L’industrie financière n’est pas cheffe de file en environnement
25 octobre 2018
Dominique Lemoine
Les épargnants sont plus avant-gardistes en environnement que les institutions financières qui se prétendent à l’avant-garde en environnement.
La Facture rapportait en octobre que Desjardins justifie l’inclusion d’investissements pétroliers dans certains de ses fonds de placement nommés SociéTerre en affirmant notamment que le pétrole est un produit encore « absolument nécessaire », car il n’a pas encore de « produit de remplacement ».
En comparaison, selon une publicité Desjardins pour promouvoir ses portefeuilles SociéTerre, ces derniers méritent de porter leur nom par leur exclusion d’investissements dans des entreprises des secteurs de l’armement, du nucléaire et du tabac, dont les produits ne sont pas absolument nécessaires.
Cependant, selon une cliente déçue qui avait découvert dans son fonds SociéTerre des investissements dans le secteur pétrolier, si les établissements financiers s’avancent sur des thèmes tels que la protection de l’environnement, « il faut s’attendre à ce qu’il y a ait des réactions chez les clients s’ils font des choses qui sont en contradiction » avec leurs prétentions.
« Si ça ce sont les fonds éthiques, qu’est-ce qu’il y a dans les fonds qui ne le sont pas? », avait-elle déploré. À son avis, « c’est un peu de l’écoblanchiment, c’est donner l’apparence d’être vert. Au niveau de la publicité marketing on a visé les gens soucieux au niveau de l’environnement et puis on y met une pétrolière, donc il y a comme un non-sens ici, ça marche pas ».
Selon La Facture, Desjardins a augmenté son nombre de fonds SociéTerre sans pétrole (six sur treize) après un sondage auprès de ses clients.
Rapport de force encore insuffisant pour faire avancer les banques plus vite
Par contre, une des raisons qui permettent aux institutions de se prétendre vertes sans renoncer aux rendements fournis par les entreprises pétrolières et gazières est que tous les épargnants n’ont pas non plus la même sensibilité sur les enjeux et les moyens.
Selon une spécialiste dont les propos ont été rapportés par La Facture, les gens qui boycottent les industries polluantes ne pèsent pas encore suffisamment lourd « pour changer [l’industrie financière] au complet ». À son avis, « si eux [ceux qui boycottent] n’investissent pas, il y aura toujours un autre investisseur, parce que tous n’ont pas la même sensibilité ».

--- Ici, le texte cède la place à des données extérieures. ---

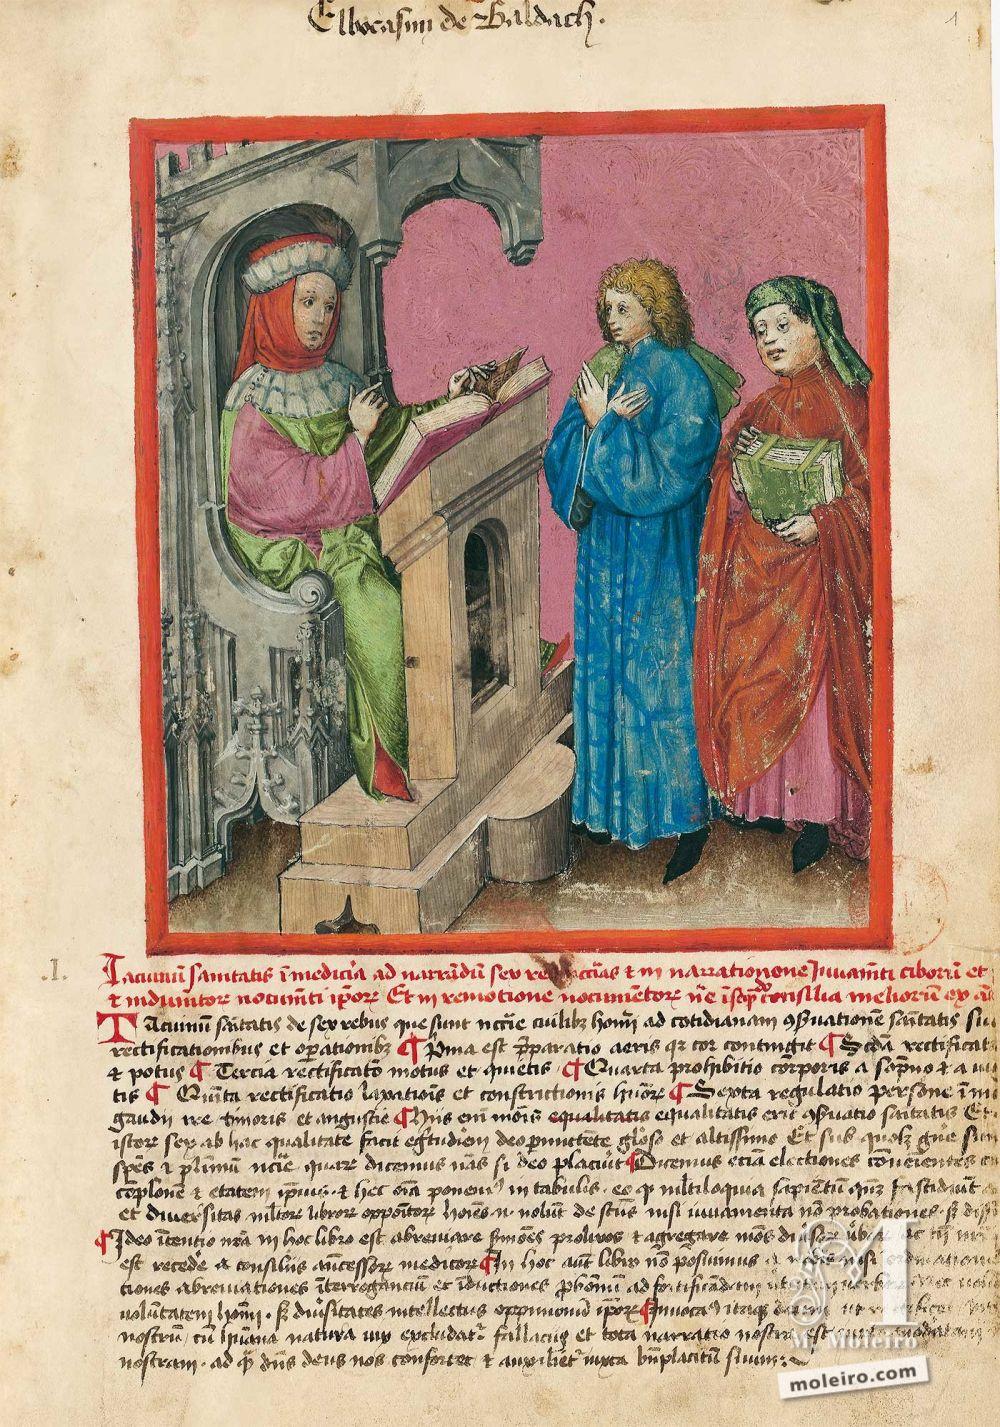 f. 1r, Elbocasim of Baldach. Tacuinum Sanitatis, Ms. Lat. 9333. Bibliothèque nationale de France, Parigi

L’Association pour l’investissement responsable (AIR), qui dit représenter l’industrie de l’investissement responsable au Canada, affirme, dans son plus récent rapport, privilégier pour ses membres un « filtrage positif » d’inclusion « d’entreprises qui se dirigent dans la bonne direction », plutôt qu’un « filtrage négatif » d’exclusion d’entreprises qui polluent.
Une vision des choses qui semble être partagée par Desjardins, qui mentionne, dans une autre publicité sur l’investissement responsable, que « les secteurs miniers et énergétiques représentent une partie importante du marché boursier canadien » et que « les inclure permet de les influencer », tandis que « les exclure vous priverait du rendement qu’ils génèrent ».
Verts à condition que...
Selon les gestionnaires et propriétaires d’actifs qui ont répondu au plus récent sondage de l’AIR, les premières raisons de tenir compte de facteurs environnementaux, sociaux et de gouvernement d’entreprise seraient de gérer le risque, d’améliorer les rendements au fil du temps, de satisfaire la demande des clients et de respecter l’obligation fiduciaire.
Selon Desjardins, « si on faisait juste du produit vert vert vert, malheureusement on ne serait pas en mesure ultimement d’offrir un produit financier intéressant. On ne serait pas capable d’accomplir notre promesse : profitable pour vous et profitable pour nous ».